> [To do] Copy out the full data exactly as given; pictures should not be included.

(Data shown begins)

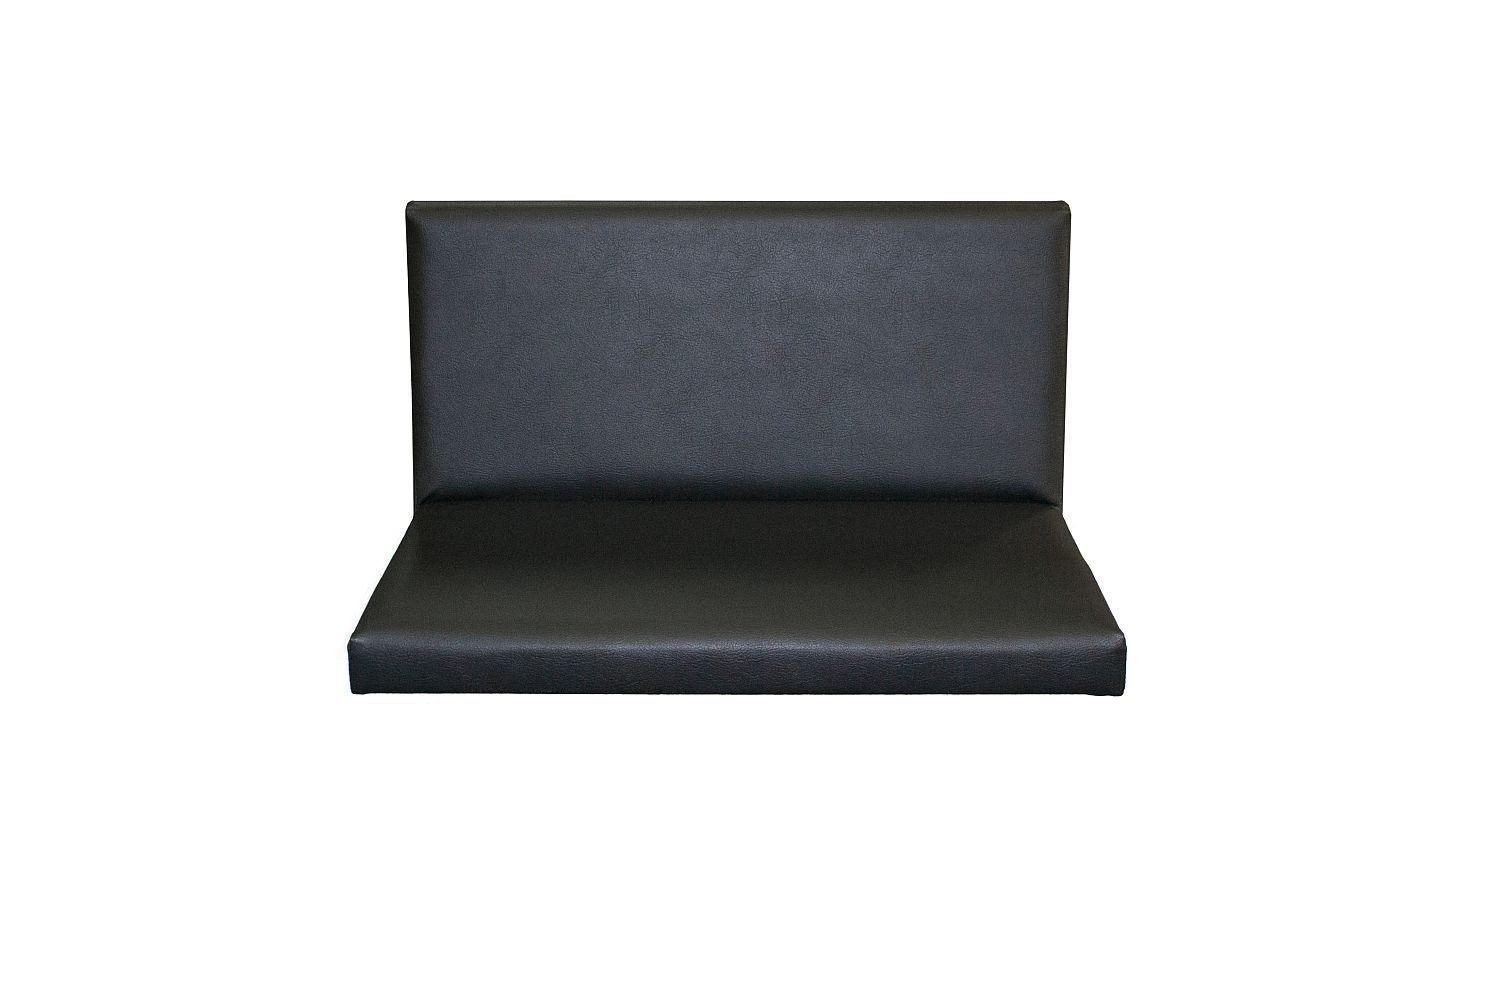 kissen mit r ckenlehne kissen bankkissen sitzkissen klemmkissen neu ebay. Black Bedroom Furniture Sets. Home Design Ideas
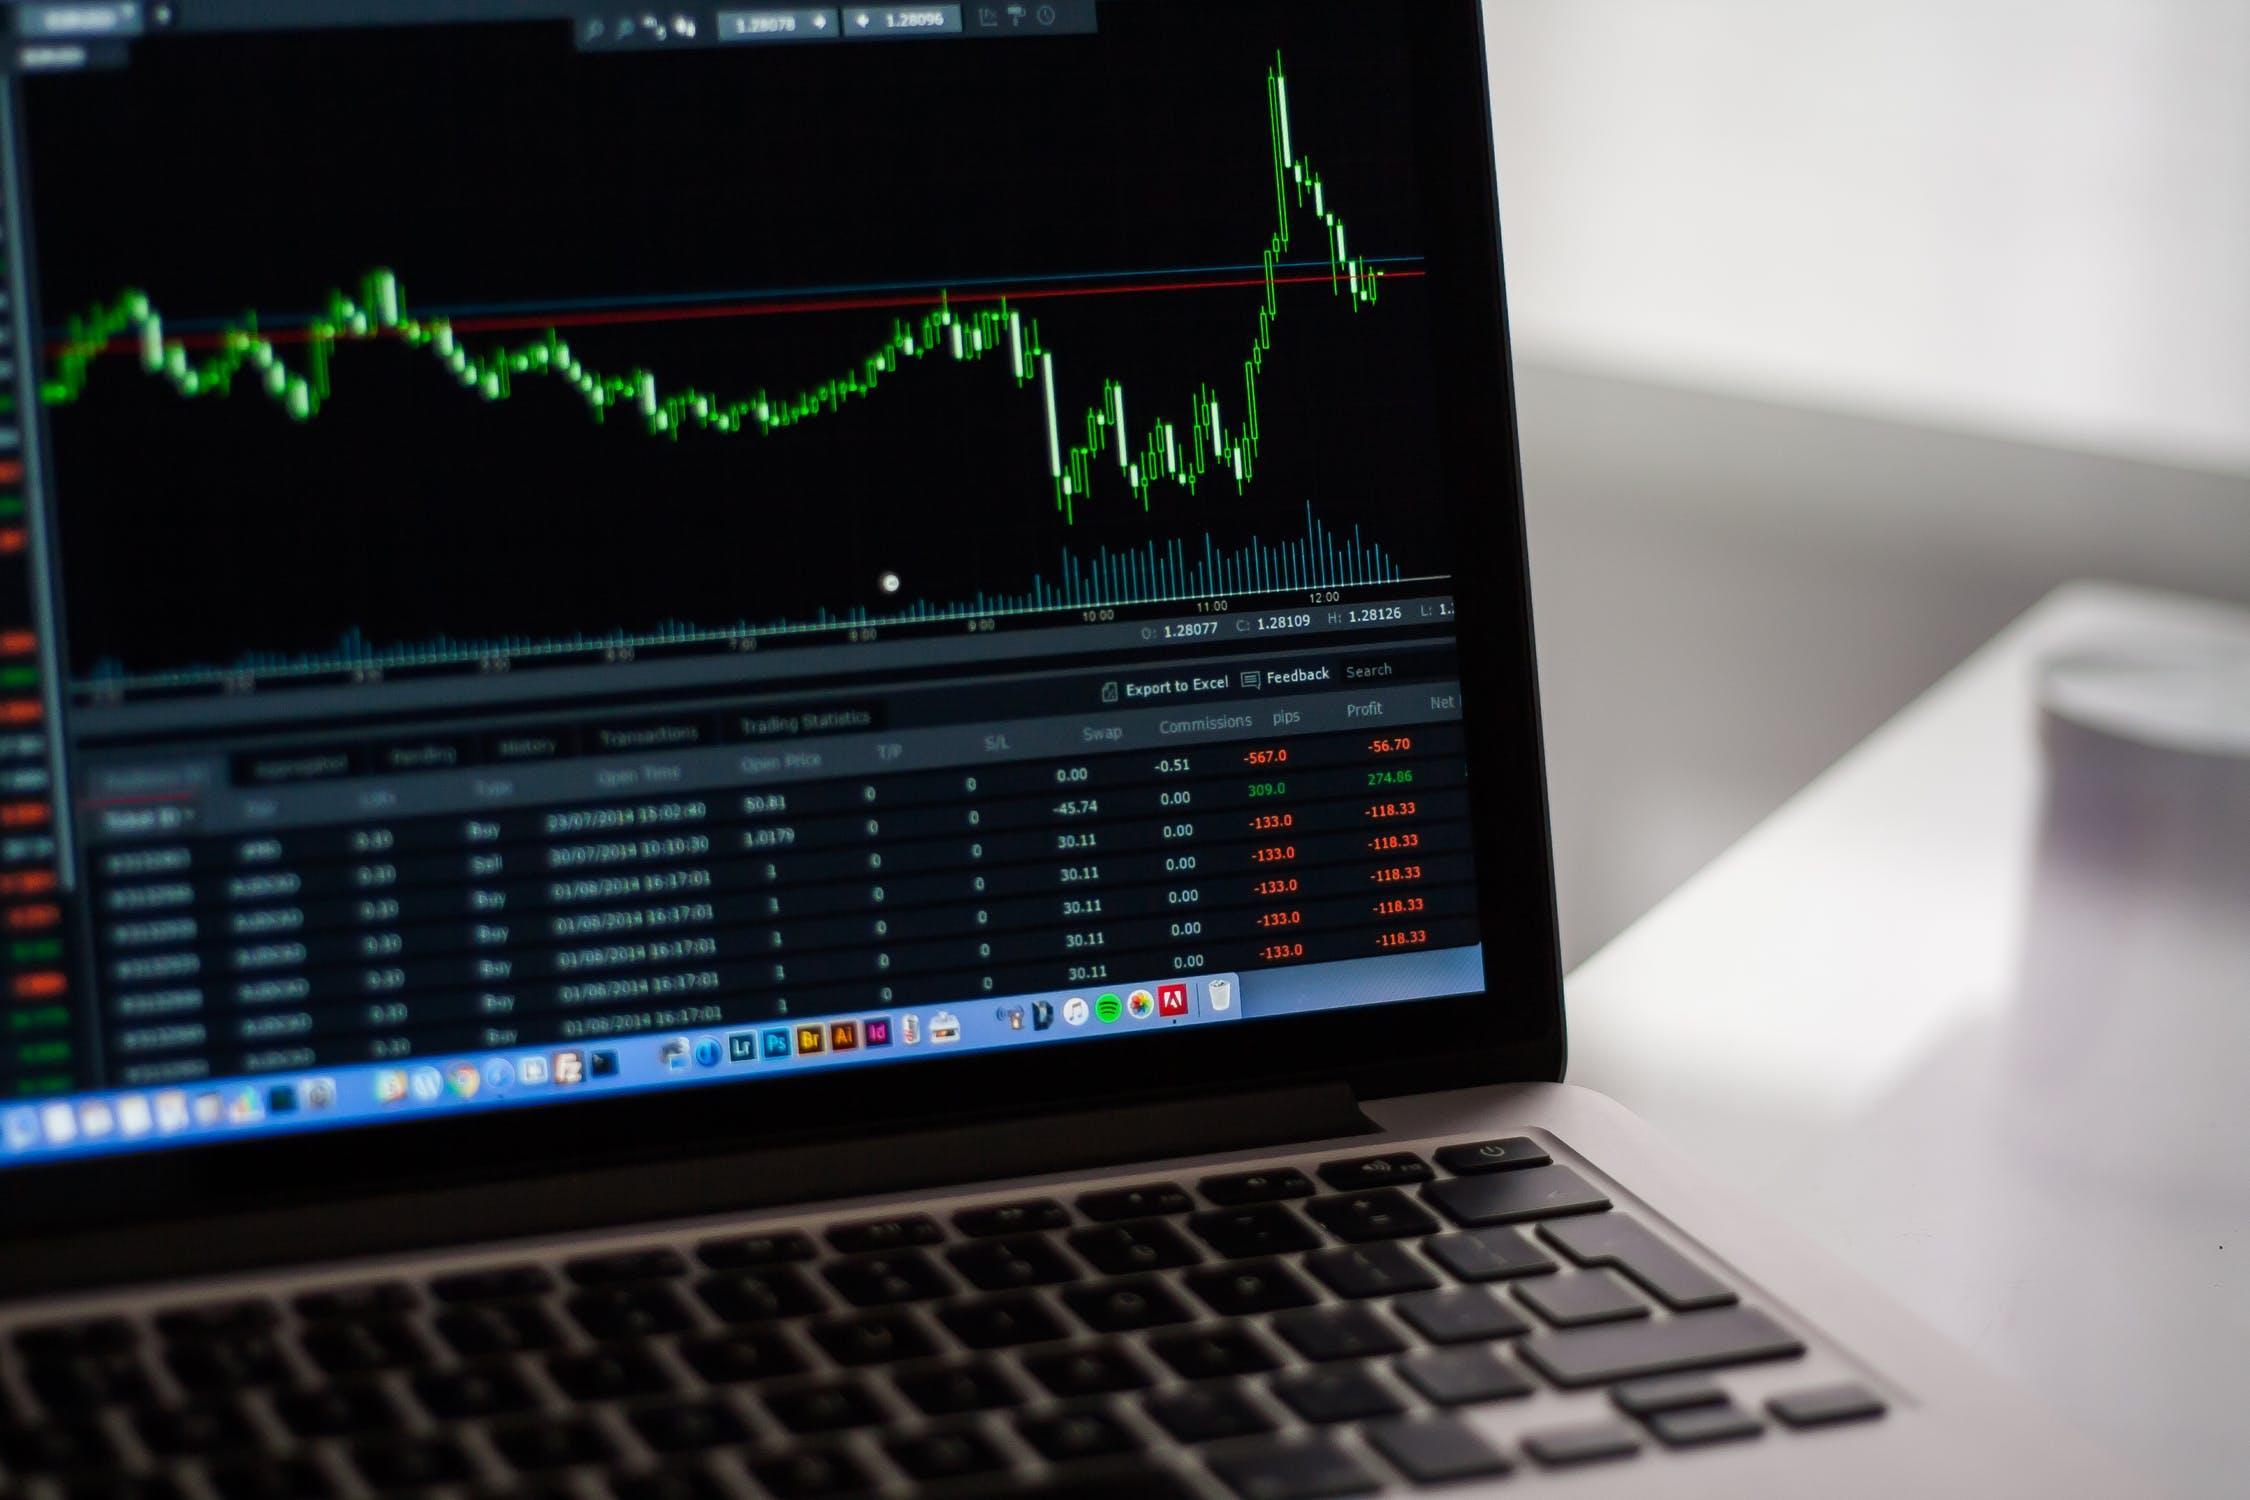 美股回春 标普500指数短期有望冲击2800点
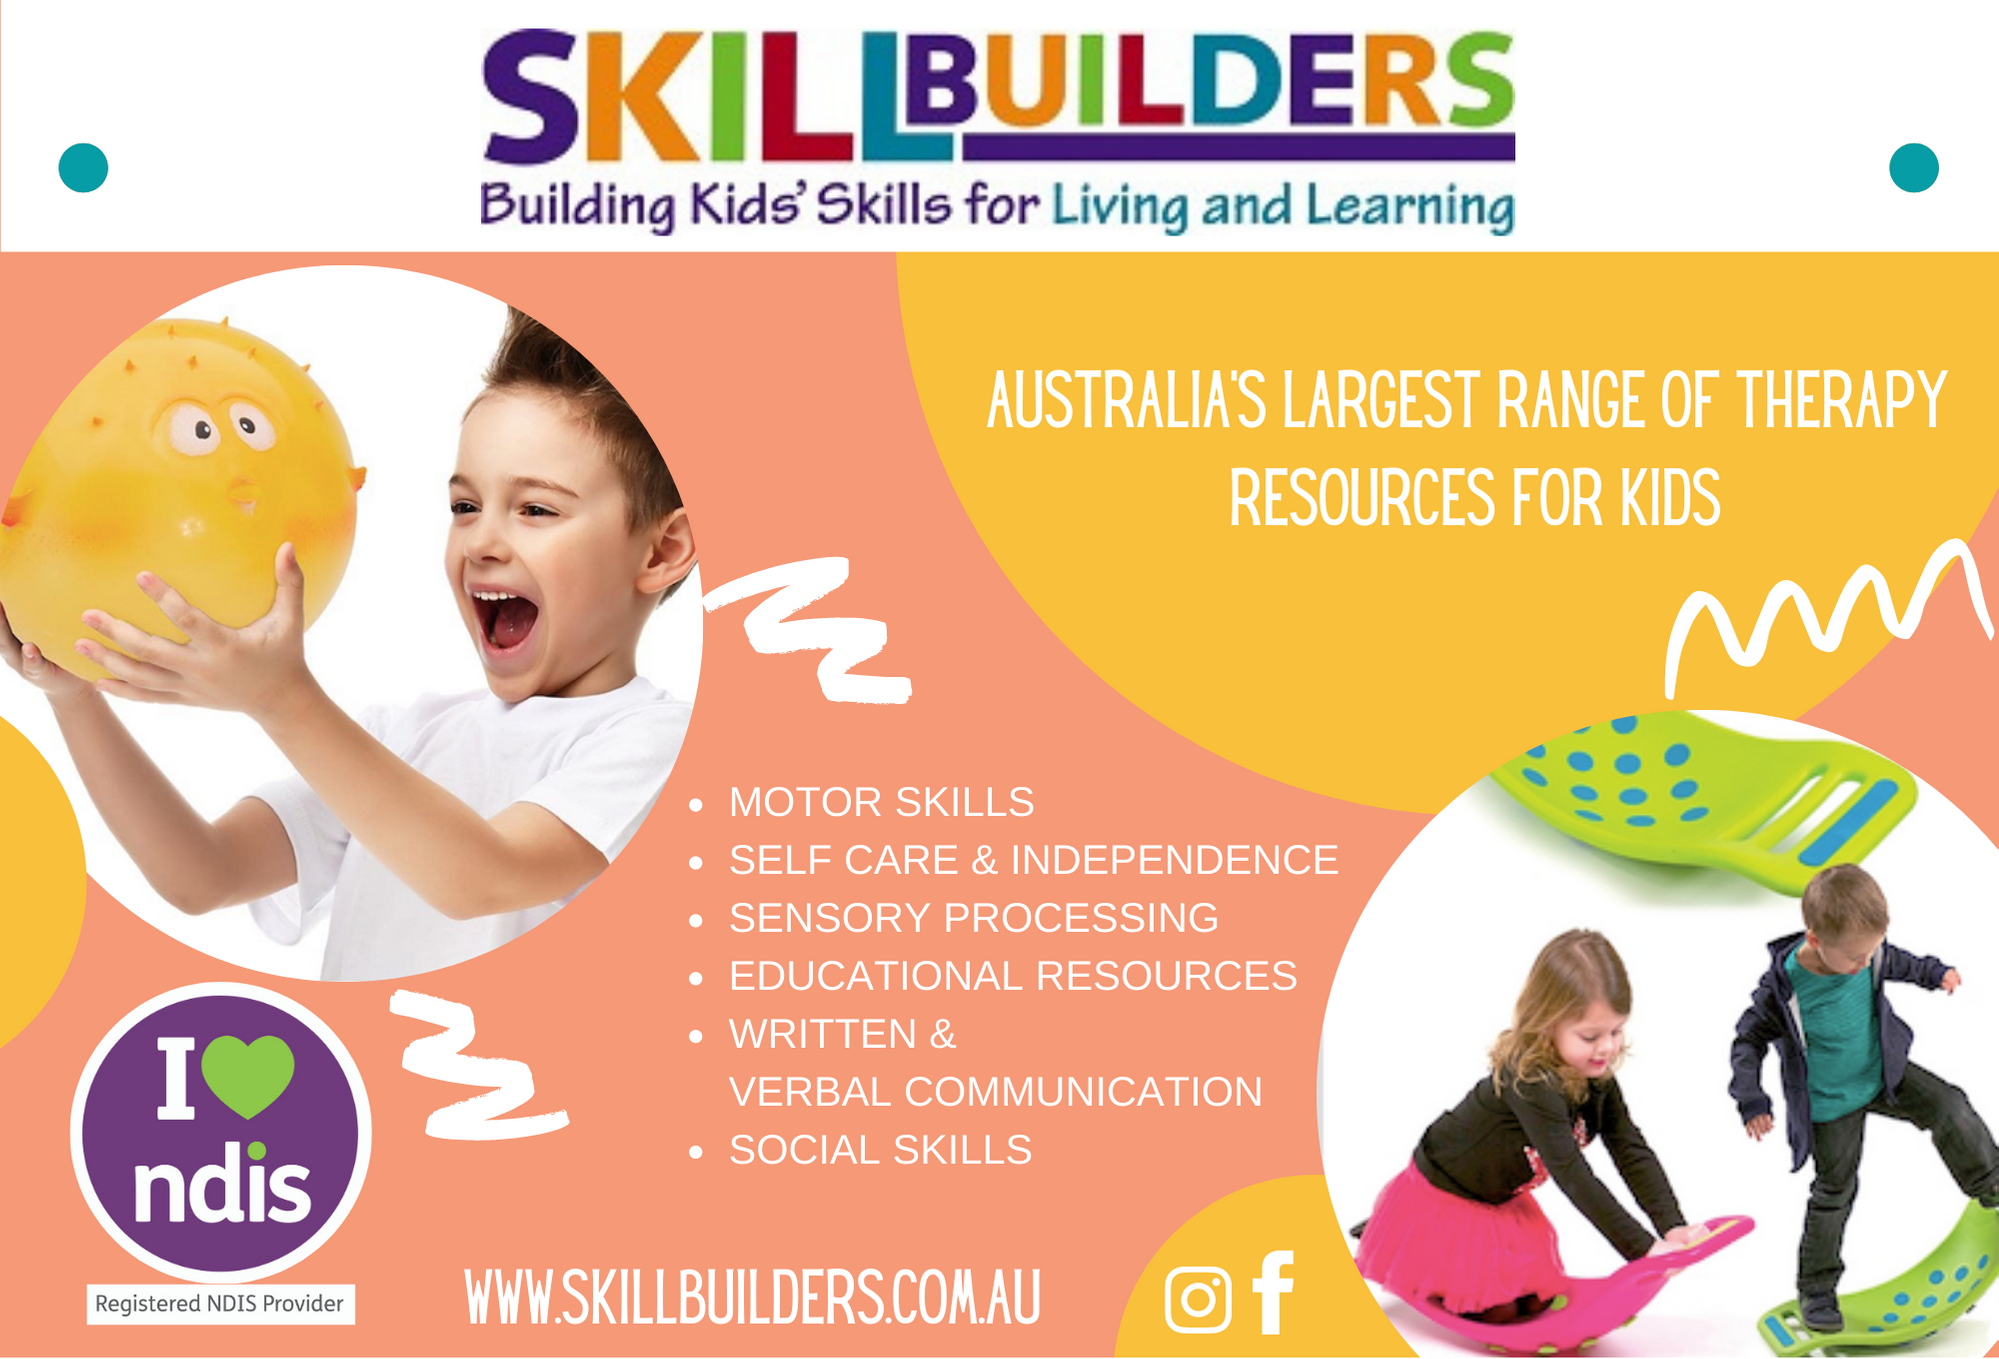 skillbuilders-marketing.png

(Data shown ends)

> [Exercise answer]
 kissen mit r ckenlehne kissen bankkissen sitzkissen klemmkissen neu ebay. Black Bedroom Furniture Sets. Home Design Ideas
 美股回春 标普500指数短期有望冲击2800点
 skillbuilders-marketing.png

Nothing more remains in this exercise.